Clockwise from top-left: schematic of leaf gas-exchange showing the fundamental connection between carbon assimilation and water loss; BIFoR research woodland Mill Haft; schematic of land surface model processes; and BIFoR FACE ring foundations at Mill Haft.


This PhD connects to a major international modelling programme using the LPJ-GUESS global vegetation model, and the possibility to run this coupled to an Earth System Model. It is also integral to a major FACE programme investigating the response of mature forest ecosystems to elevated CO2.

LPJ-GUESS is a world-leading model for simulating vegetation dynamics such as establishment, mortality, and plant succession, along with the resultant effects on biogeochemical and hydrological cycles. LPJ-GUESS also includes models of nitrogen cycling, fire, and anthropogenic management. The project initially requires the design of experiments for the current model, and then developments of the model code for subsequent steps.

It is vitally important that modellers understand the strengths and weaknesses of the observational data they use to develop and challenge their models.

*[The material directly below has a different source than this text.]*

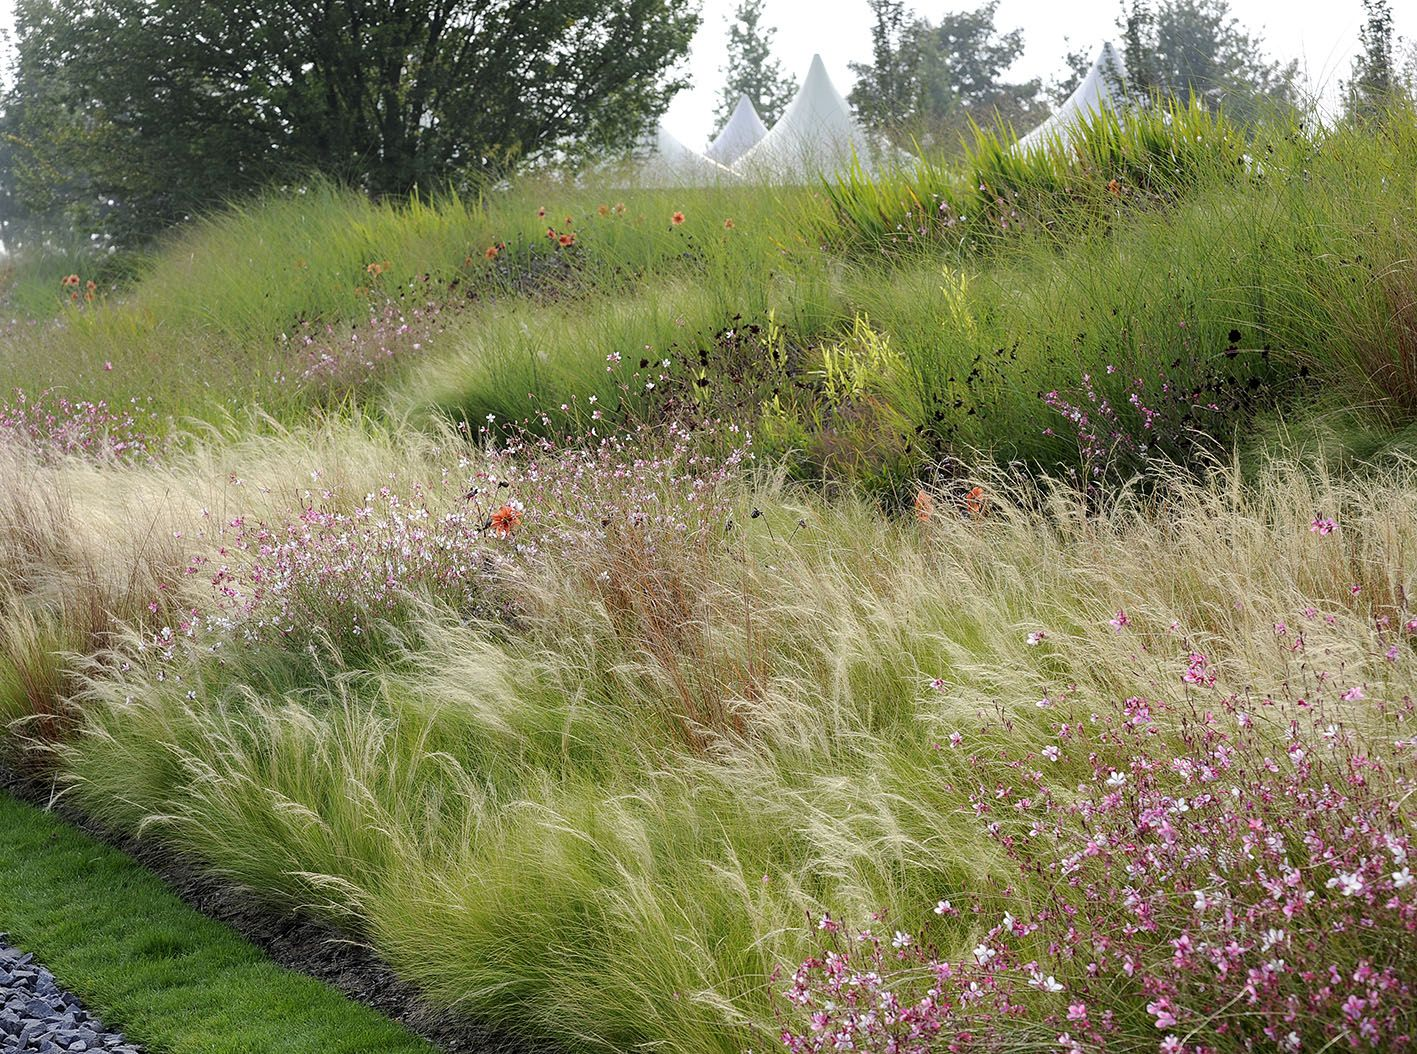 Gartenplanung peter janke gartenkonzepte hauseingang for Peter janke design mit pflanzen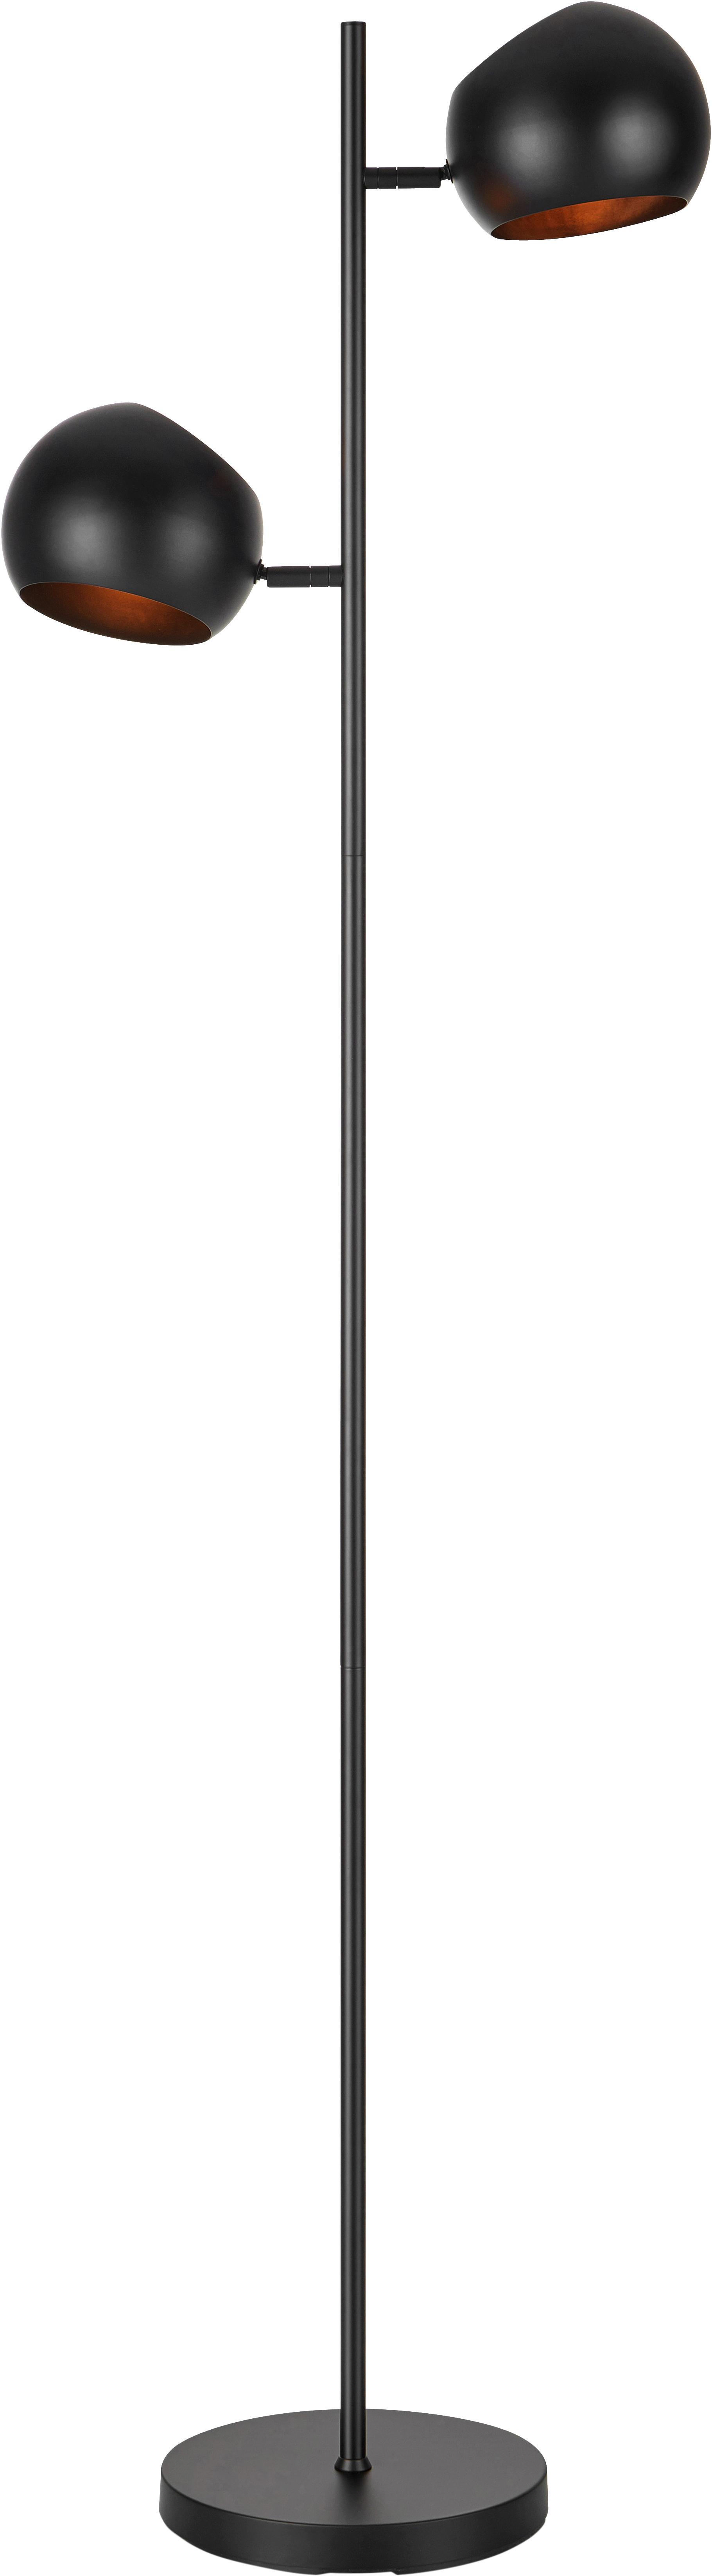 Lámpara de pie Edgar, Pantalla: metal pintado, Cable: plástico, Negro, An 40 x Al 145 cm

The student will work alongside fieldwork researchers carrying out studies of the ecophysiology of mature woodland under climate change at BIFoR FACE, and be involved in the interpretation of results.

Training and Skills

The Doctoral Researcher will receive key training from the University of Birmingham in Earth system modelling, and associated visualisation systems. There will be close cooperation with researchers working at Mill Haft, and participation in interpreting BIFoR FACE data. The Doctoral Researcher will be supported to present their work at international conferences and publish their findings in high-impact journals. There will be the opportunity to attend selected modules from MSc courses taught within the School.

CENTA students will benefit from 45 days training throughout their PhD including a 10-day placement. In the first year, students will be trained as a single cohort on environmental science, research methods and core skills. Training will progress from core skills sets to a bespoke set of master classes specific to the student's project. Attendance at the national Earth system modelling summer school will be obligatory and attendance at other relevant training schools will be strongly encouraged.


Year 1: Induction, literature review, simple initial model runs, CENTA training. Fieldwork shadowing. Study visit to Karlsruhe Institute of Technology, IMK-IFU, Garmisch-Partenkirchen, Germany.

Year 2: Model development. Analysis of BIFoR FACE ecophysiology data.

Year 3: Final model runs, conference attendance, thesis and publication preparation.

Partners and collaboration (including CASE)

Supervisory team: Dr Tom Pugh is vegetation modeller with expertise in the LPJ-GUESS global vegetation model and EC-Earth Earth System Model; Dr Jeremy Pritchard is a plant scientist with experience in plant hydraulics; Prof Rob MacKenzie leads BIFoR.

CASE partner the UK Met Office will provide additional modelling training and advice on forest ecophysiology under climate change.

Further Details

The PhD studentship with be held at the University of Birmingham, linking strongly to the LPJ-GUESS team at the Karlsruhe Institute of Technology, IMK-IFU, Germany.